• TASK INSTRUCTIONS:
Give the listing again, word for word, and let no picture into it.

• COLLECTED MATERIAL:

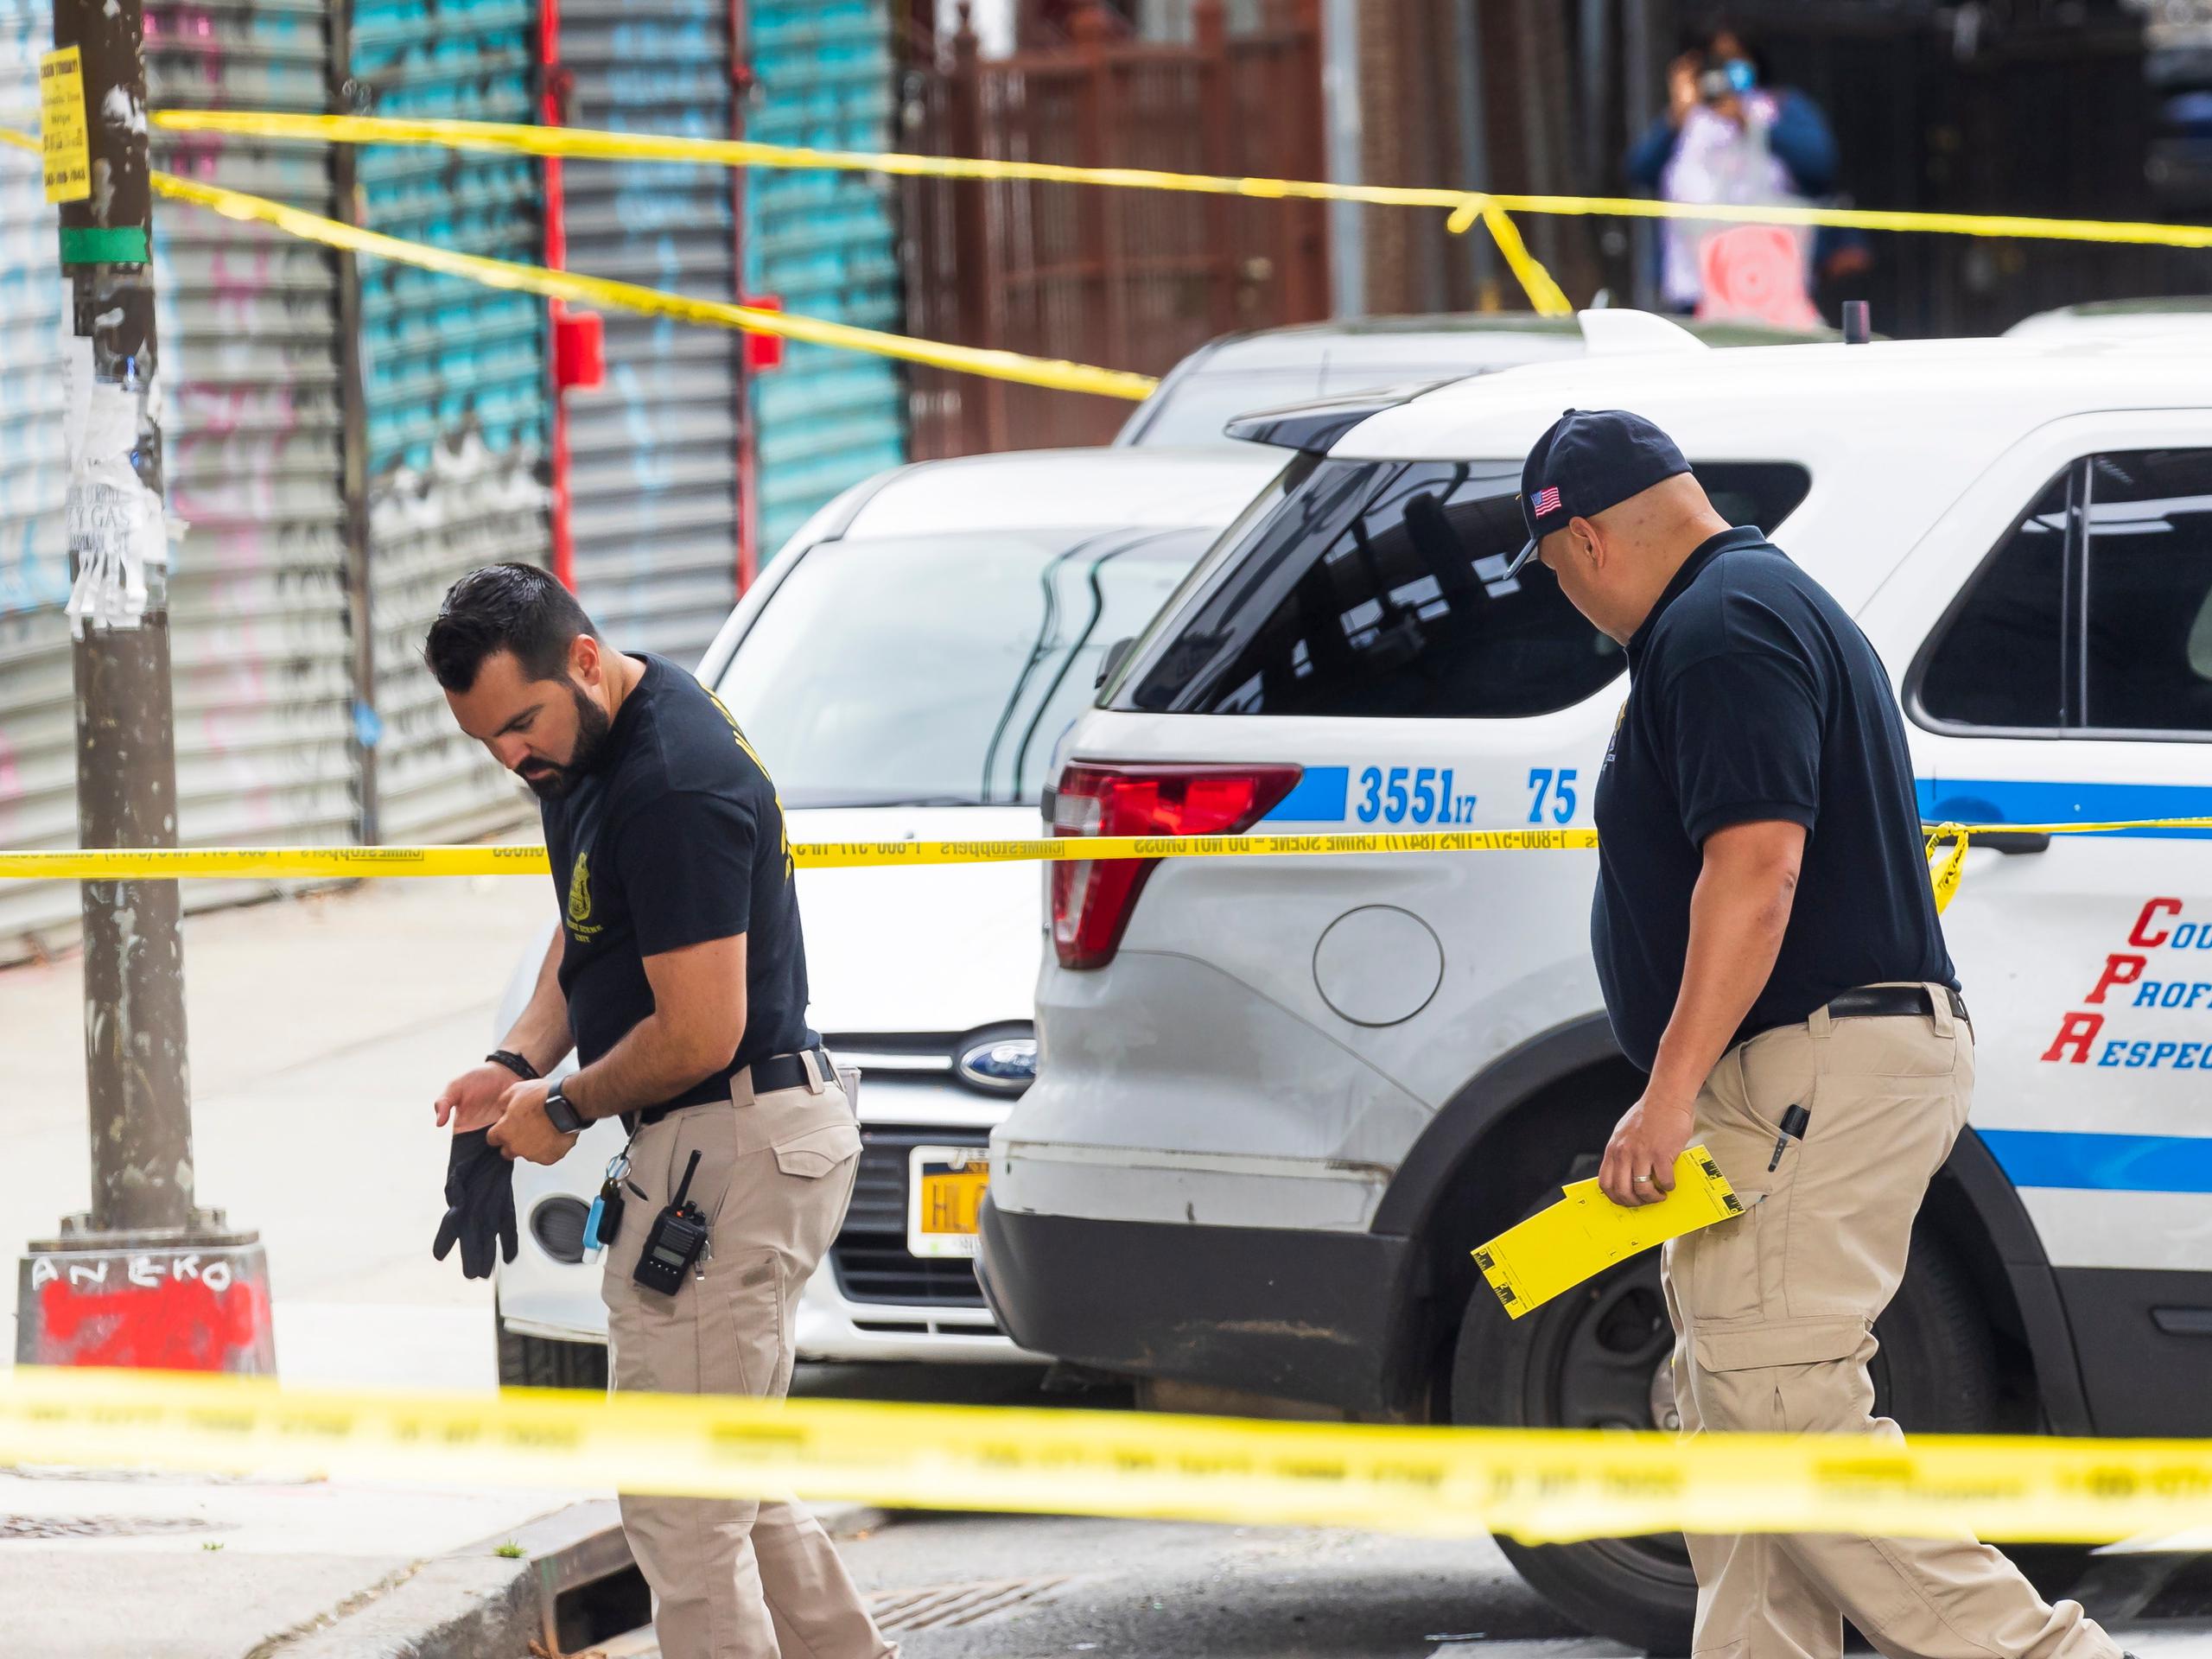 Según fuentes policiales citadas por el New York Post, de los 8 heridos, 3 fueron por balas perdidas cundo dos grupos comenzaron a dispararse entre sí después de una disputa en el Alto Manhattan.
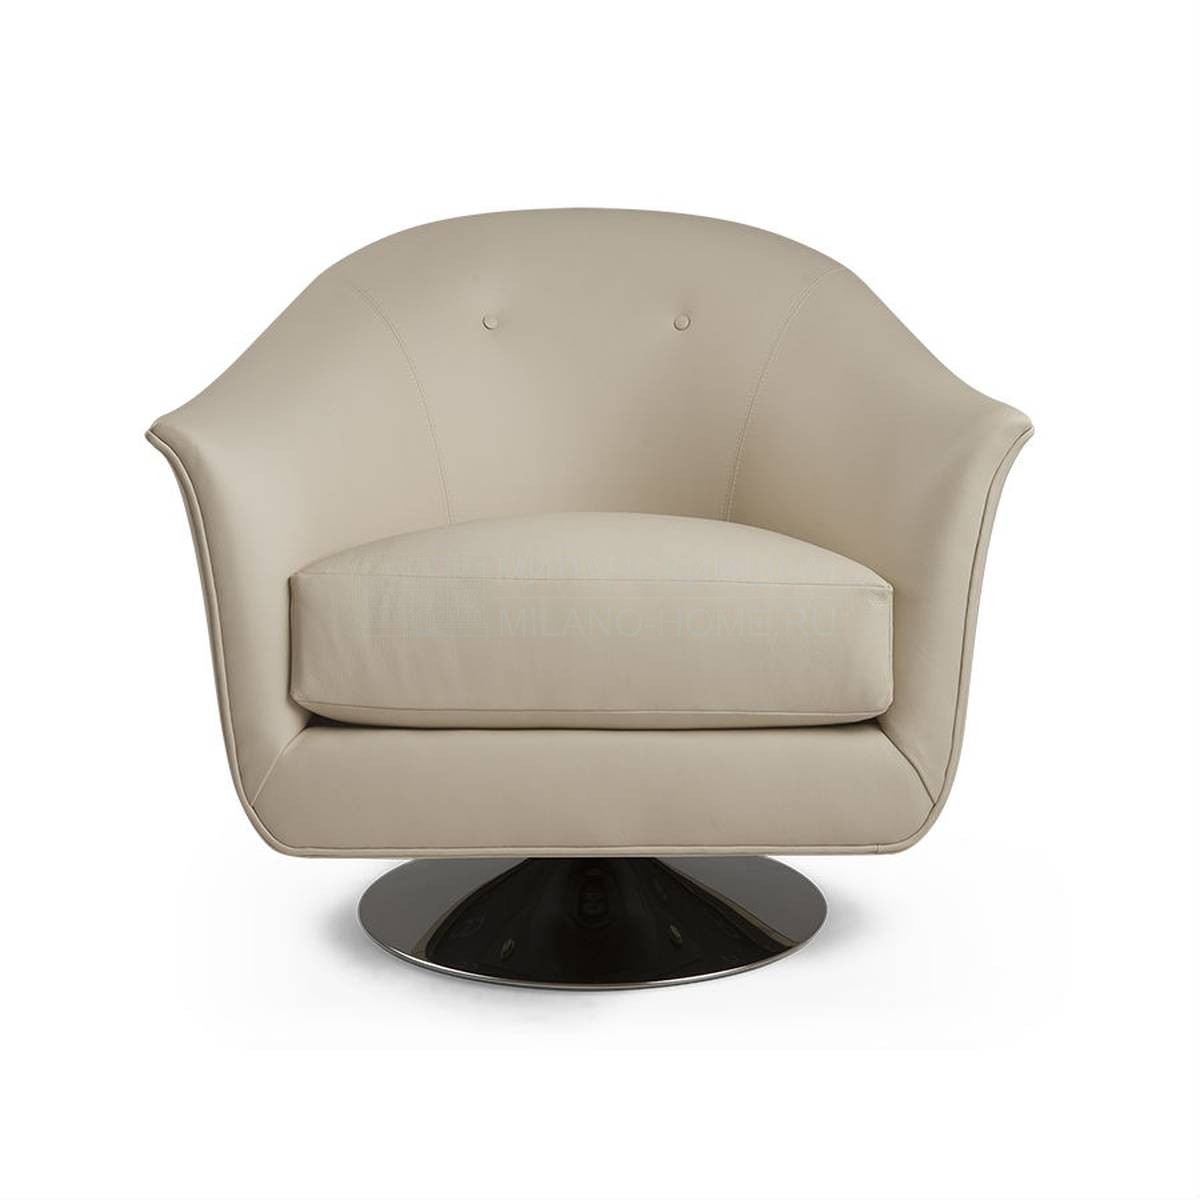 Кожаное кресло Pivotant armchair из США фабрики CHRISTOPHER GUY
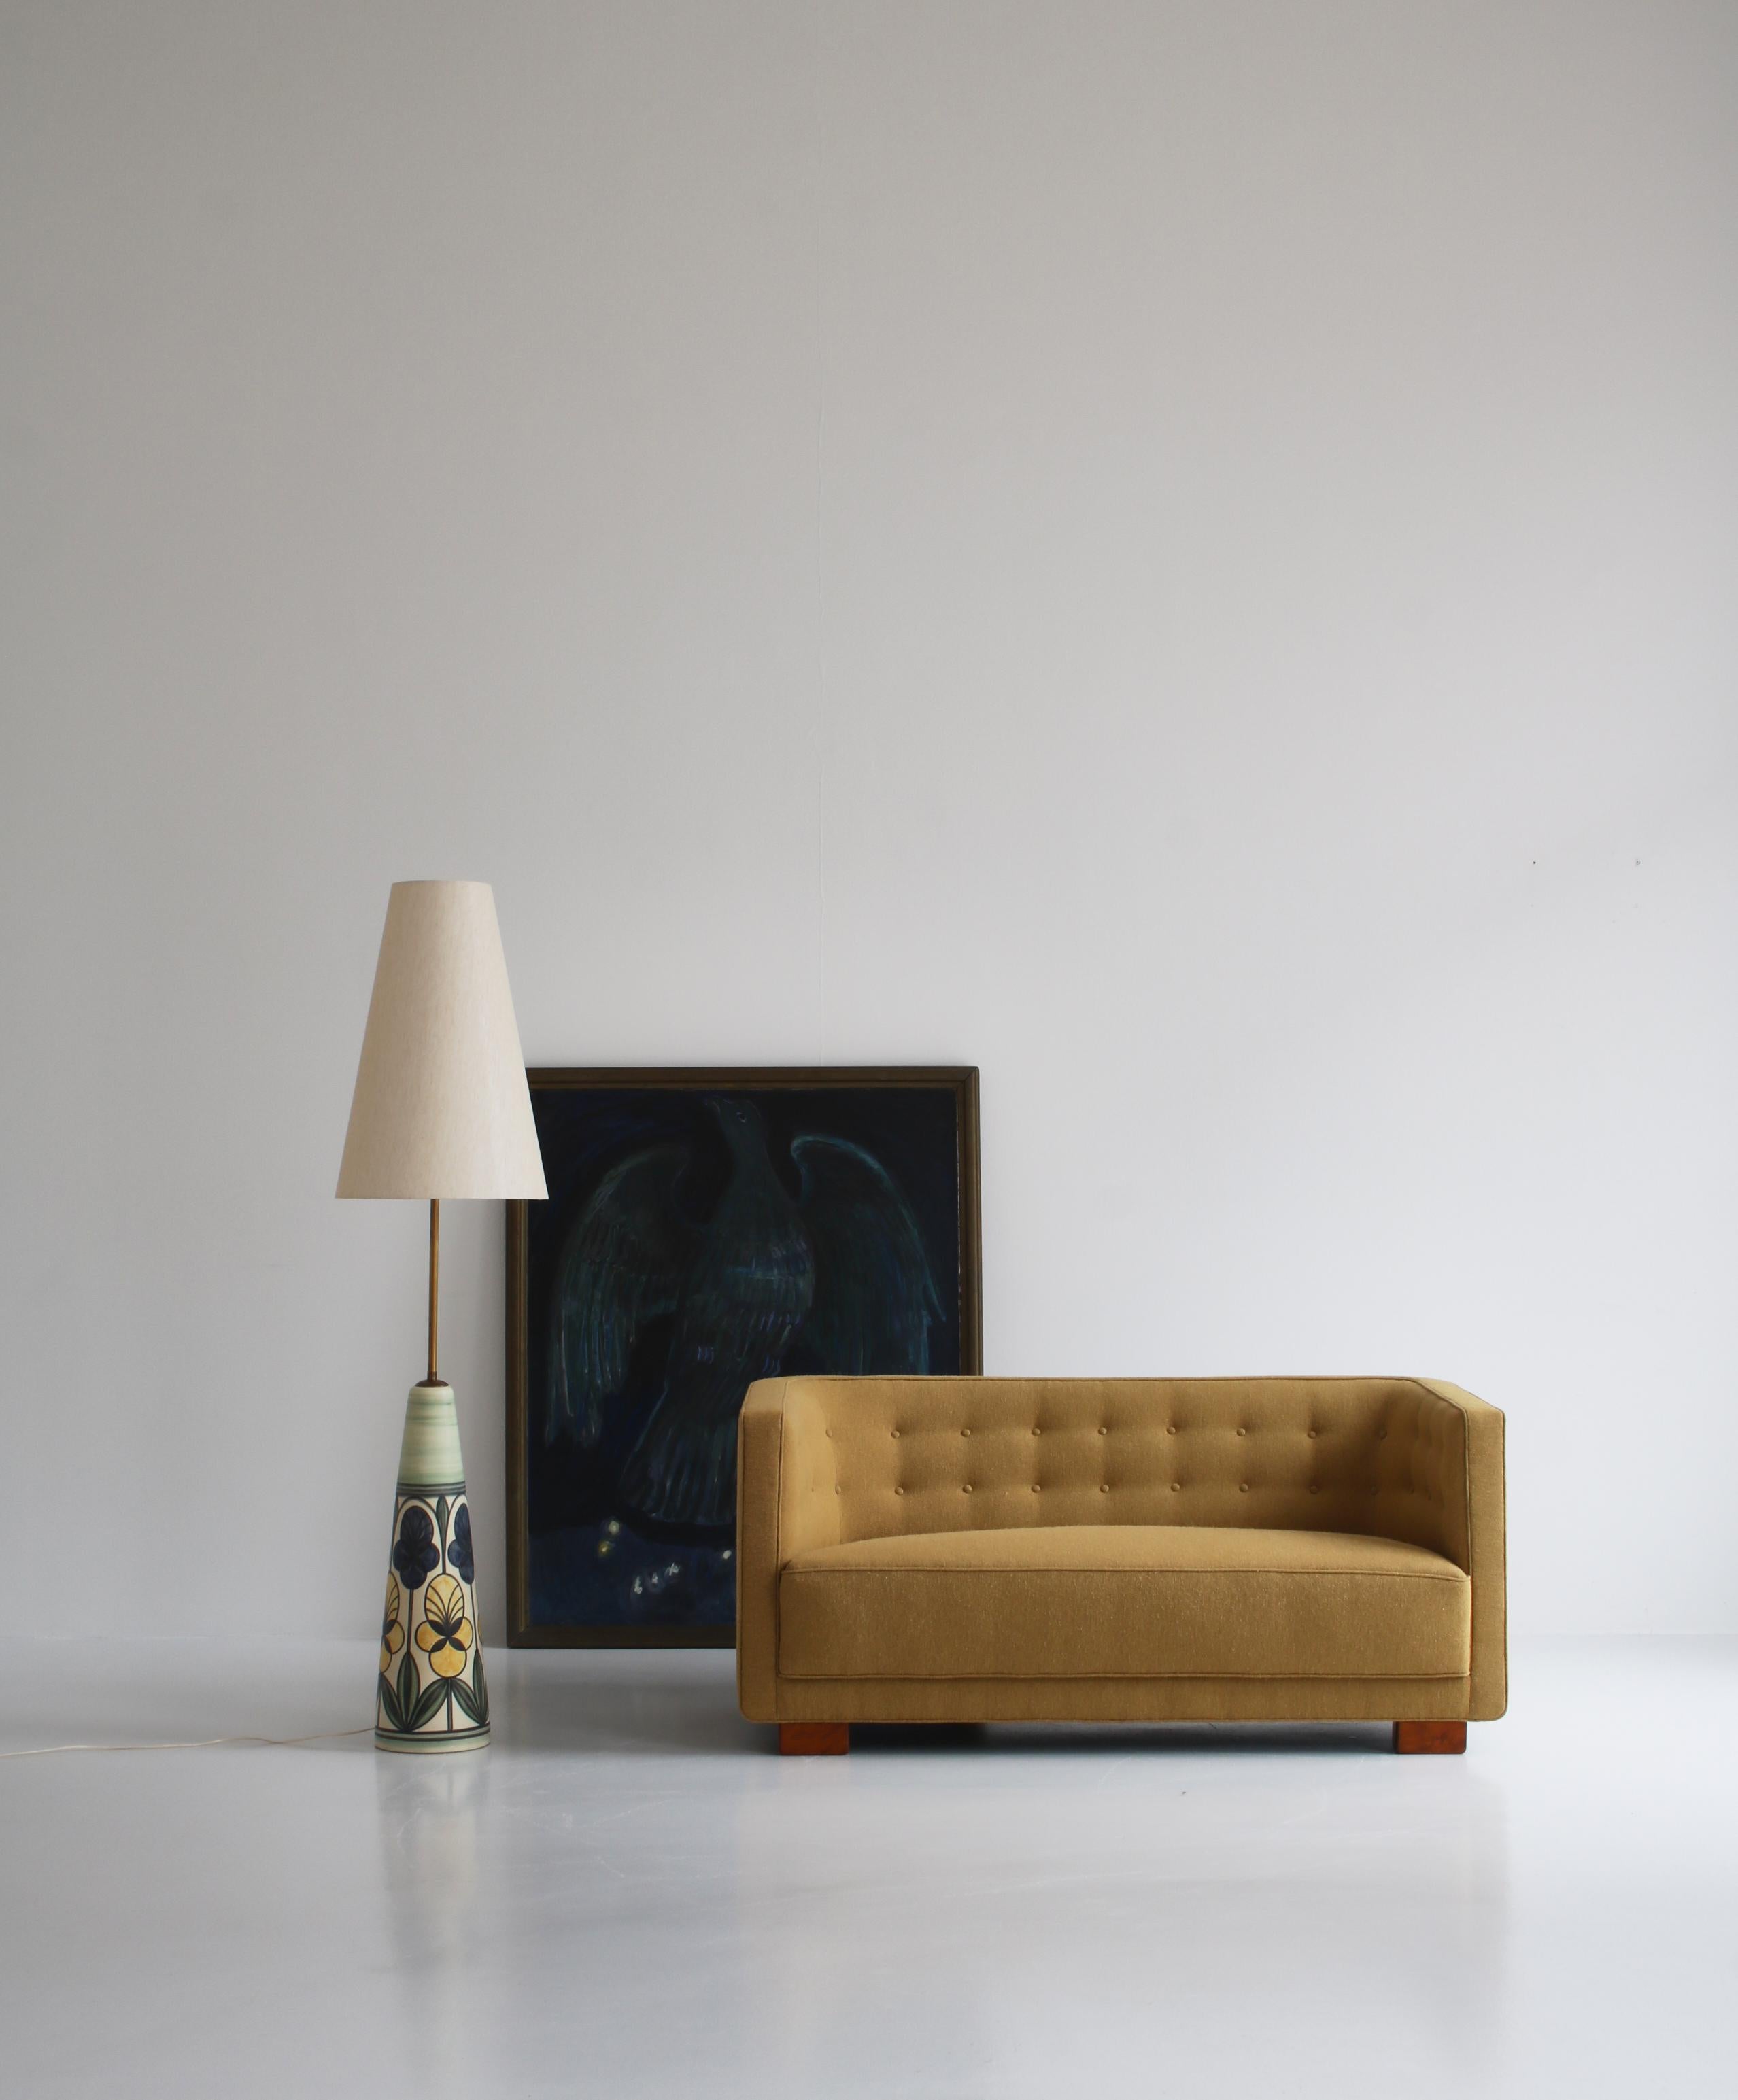 Étonnant canapé deux places Art déco précoce attribué à l'architecte danois Flemming Lassen et fabriqué par le magasin de meubles haut de gamme

• SOLUTION TO THIS TASK:
 Según fuentes policiales citadas por el New York Post, de los 8 heridos, 3 fueron por balas perdidas cundo dos grupos comenzaron a dispararse entre sí después de una disputa en el Alto Manhattan.
 Кожаное кресло Pivotant armchair из США фабрики CHRISTOPHER GUY
 Étonnant canapé deux places Art déco précoce attribué à l'architecte danois Flemming Lassen et fabriqué par le magasin de meubles haut de gamme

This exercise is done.